Нет, не сразу, не мгновенно… Распад тела и личности проходил медленно и поэтапно, совсем незаметно для рационального разума. Душа, конечно, пыталась рыпаться, — но, кто её бедную-то слушал, если и на простые предостережения внутреннего голоса, иной раз, вообще, не реагируешь. А тут, уловить тончайшие вибрации души…. А ей-то, бедной, некомфортно было, когда бестолочь, укреплённая разумом, украшенная гордыней и самомнением, сворачивала с правильного пути на каком-то ловко подстроенном перекрёстке.

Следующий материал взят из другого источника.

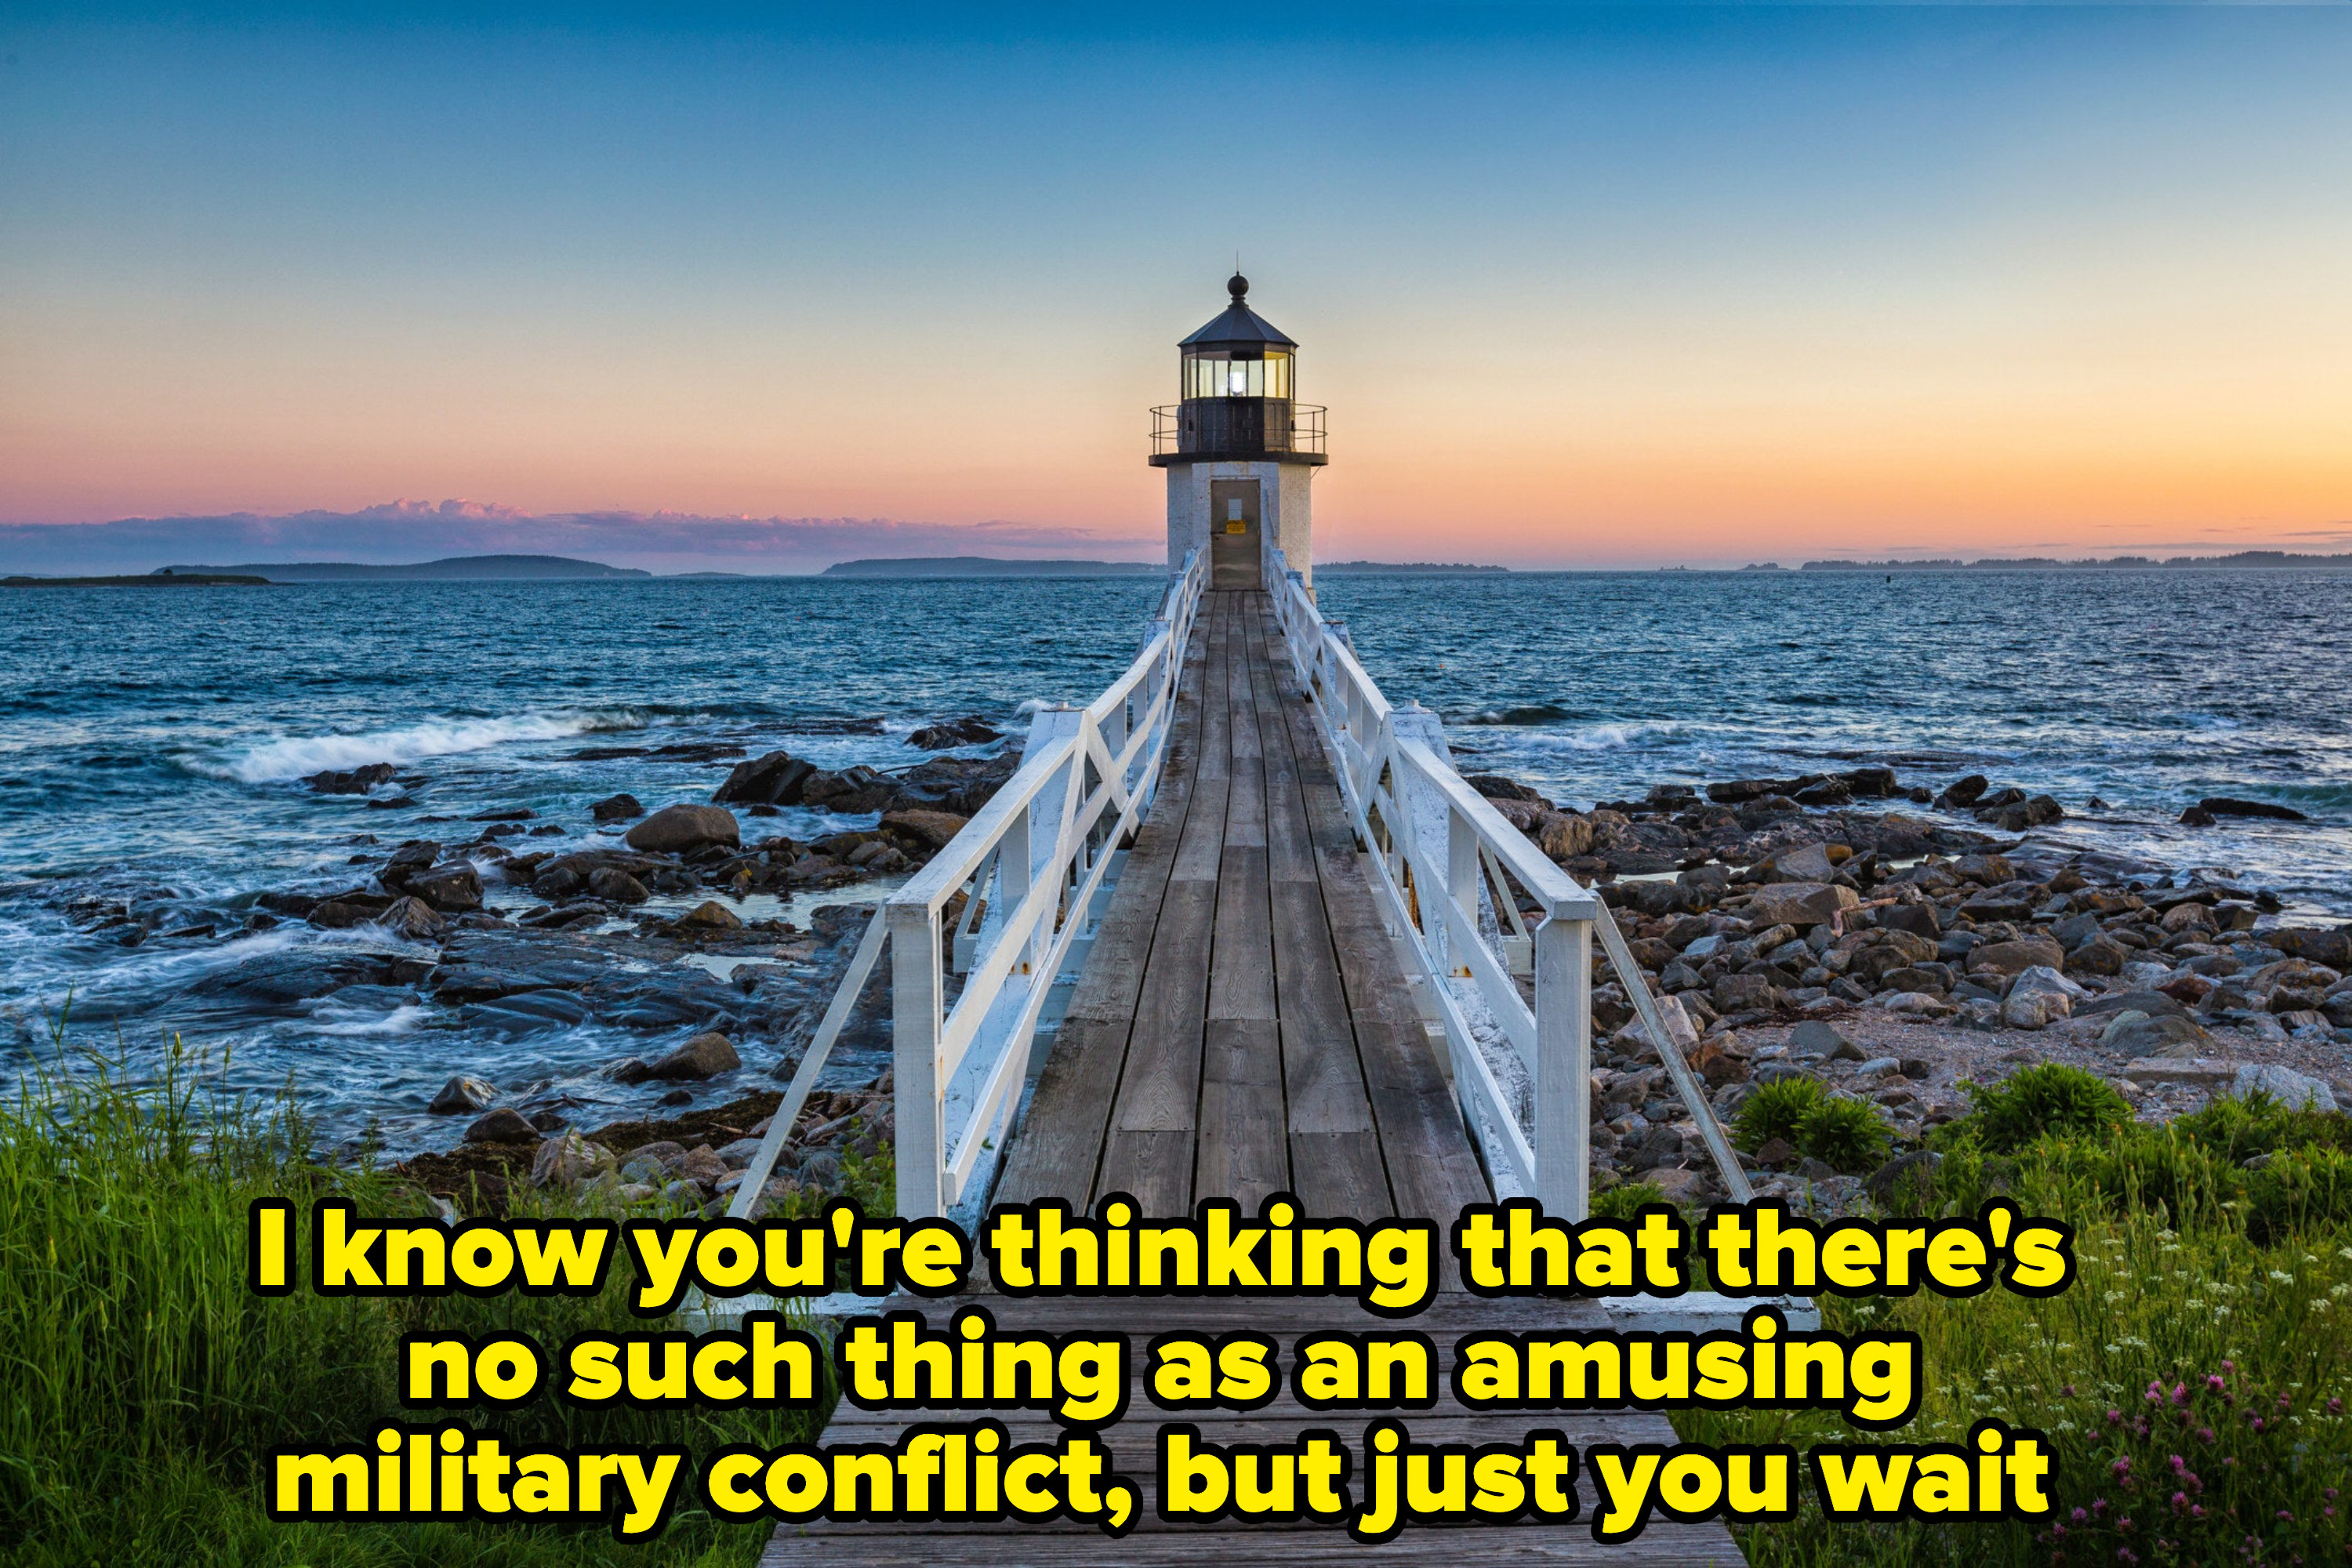 A lighthouse on the water, with caption: &quot;I know you&#x27;re thinking that there&#x27;s no such thing as an amusing military conflict, but just you wait&quot;

Проходят месяцы, и созерцание своей потерянной жизни становится более спокойным и совсем неистеричным, — правда, это спокойствие не избавляет от ощущения абсолютного тупика. Поднять лапки вверх и побежать в соседний винно-водочный? Можно, но не выход, тем более — пробовали уже…. А где, же свет этот, в конце туннеля? Нет…. А в голове понос глупых мыслей, вакханалия чувств, а в жизни — чудесный хаос, — и всё это при спящем, уже довольно давно, внутреннем голосе.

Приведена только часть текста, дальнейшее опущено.